Videos
I've worked with clients on this type of issue many times and I'm happy to help but this may take some back and forth to narrow in on what is happening.
First I'm assuming that "leads" is a normal table, not a view and not an external table. Please correct if this assumption isn't right.
Next I'm assuming that this table isn't very wide and that "select *" isn't contributing greatly to the speed concern. Yes?
Next question is wide this size of cluster for a table of only 11M rows? I'd guess it is that there are other much larger data sets on the database and that this table isn't setting the size.
The first step of narrowing this down is to go onto the AWS console for Redshift and find the query in question. Look at the actual execution statistics and see where the query is spending its time. I'd guess it will be in loading (scanning) the table but you never know.
You also should look at STL_WLM_QUERY for the query in question and see how much wait time there was with the running of this query. Queueing can take time and if you have interactive queries that need faster response times then some WLM configuration may be needed.
It could also be compile time but given the simplicity of the query this seems unlikely.
My suspicion is that the table is spread too thin around the cluster and there are lots of mostly empty blocks being read but this is just based on assumptions. Is "id" the distkey or sortkey for this table? Other factors likely in play are cluster load - is the cluster busy when this query runs? WLM is one place that things can interfere but disk IO bandwidth is a share resource and if some other queries are abusing the disks this will make every query's access to disk slow. (Same is true of network bandwidth and leader node workload but these don't seem to be central to your issue at the moment.)

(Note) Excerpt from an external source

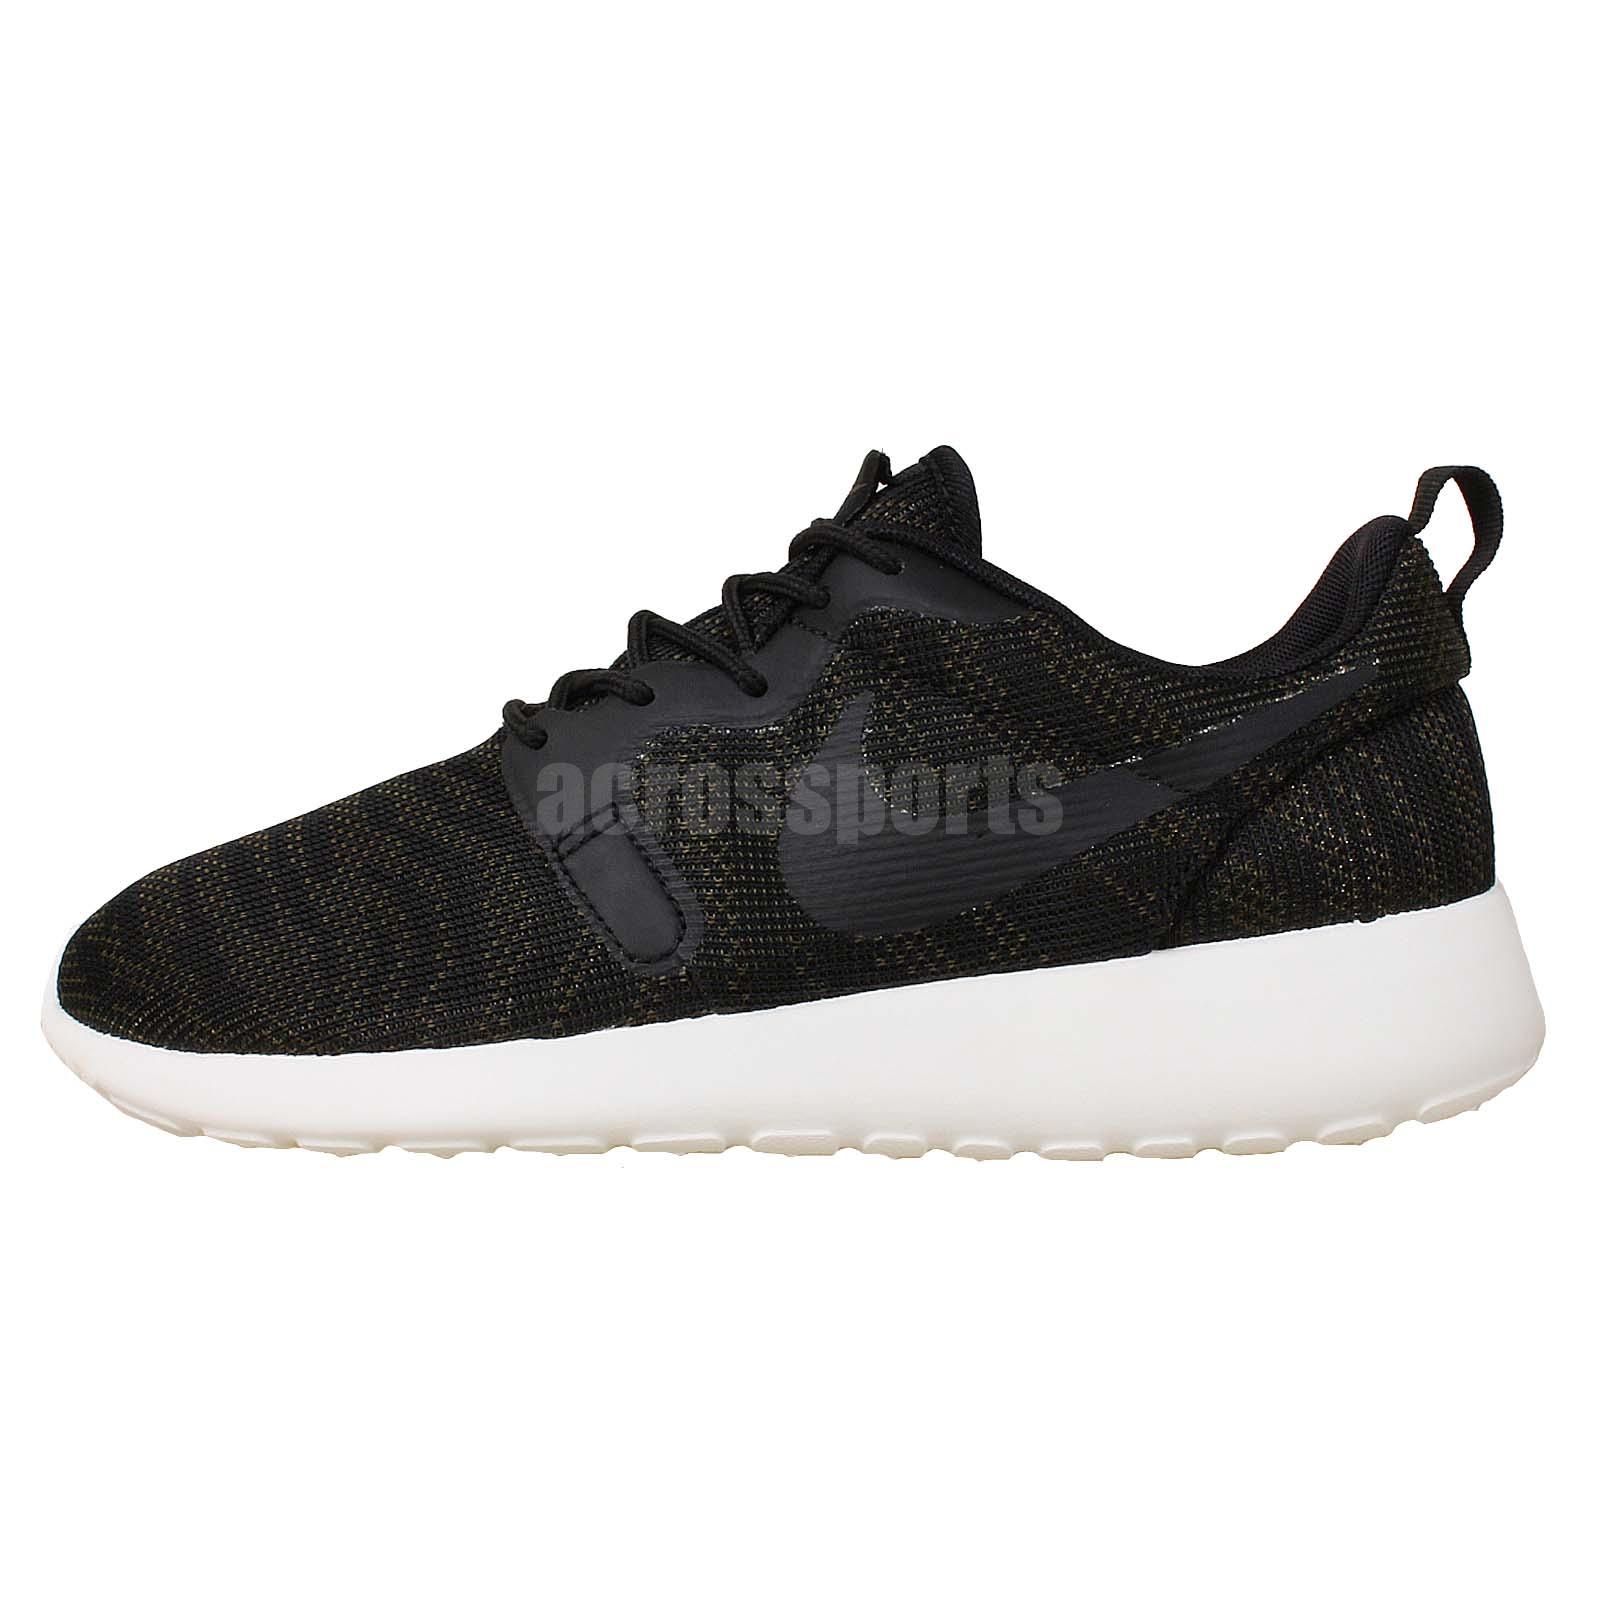 Details about Nike Wmns Rosherun KJCRD Jacquard Roshe Run New Black

As I mentioned resolving this will likely take some back and forth so leave comments if you have additional information.
(I am speaking from a knowledge of MySQL, not Redshift.)
SELECT * FROM leads WHERE id = 10162064
If id is indexed, especially if it is a Unique (or Primary) key, 0.4 sec sounds like a long network delay. I would expect 0.004 as a worst-case (with SSDs and `PRIMARY KEY(id)).
(If leads is a VIEW, then let's see the tables. 0.4s may be be reasonable!)
That query works well for a RDBMS, but not for a columnar database. Face it.
I can understand using a columnar database to handle random queries on various columns. See also MariaDB's implementation of "Columnstore" -- that would give you both RDBMS and Columnar in a single package. Still, they are separate enough that you can't really intermix the two technologies.
If you are getting 100% CPU in MySQL, show us the query, its EXPLAIN, and SHOW CREATE TABLE. Often, a better index and/or query formulation can solve that.
For "real time reporting" in a Data Warehouse, building and maintaining Summary Tables is often the answer.
Tell us more about the "exact copy" of the DW data. In some situations, the Summary tables can supplant one copy of the Fact table data.
As RedShift is Columnar database,
Select Column1,Clumn2 from table_a where some_criteria
The particular column select queries will be super fast because Redshift needs to just scan/read the particular column only.
While Select * will be much slower as Redshift need to scan and read all the columns.
In case of MySql as well, select col1,col2 from table_a will be OK(as less memory/IO), but, not as good as Redshift.
I would recommend you to read some really good documentation about columnar database like Redshift, its distribution key concept and encoding concept while also impacts performance greatly.
https://www.youtube.com/watch?v=iuQgZDs-W7A
For MySQL, there may be a small or large difference:
- Large: If
*hasTEXTorBLOBcolumns that are not present in the 2/3. This is because, in some cases, such fields require an extra disk hit to fetch. - Small otherwise. (More to parse, more to allocate memory for, etc.)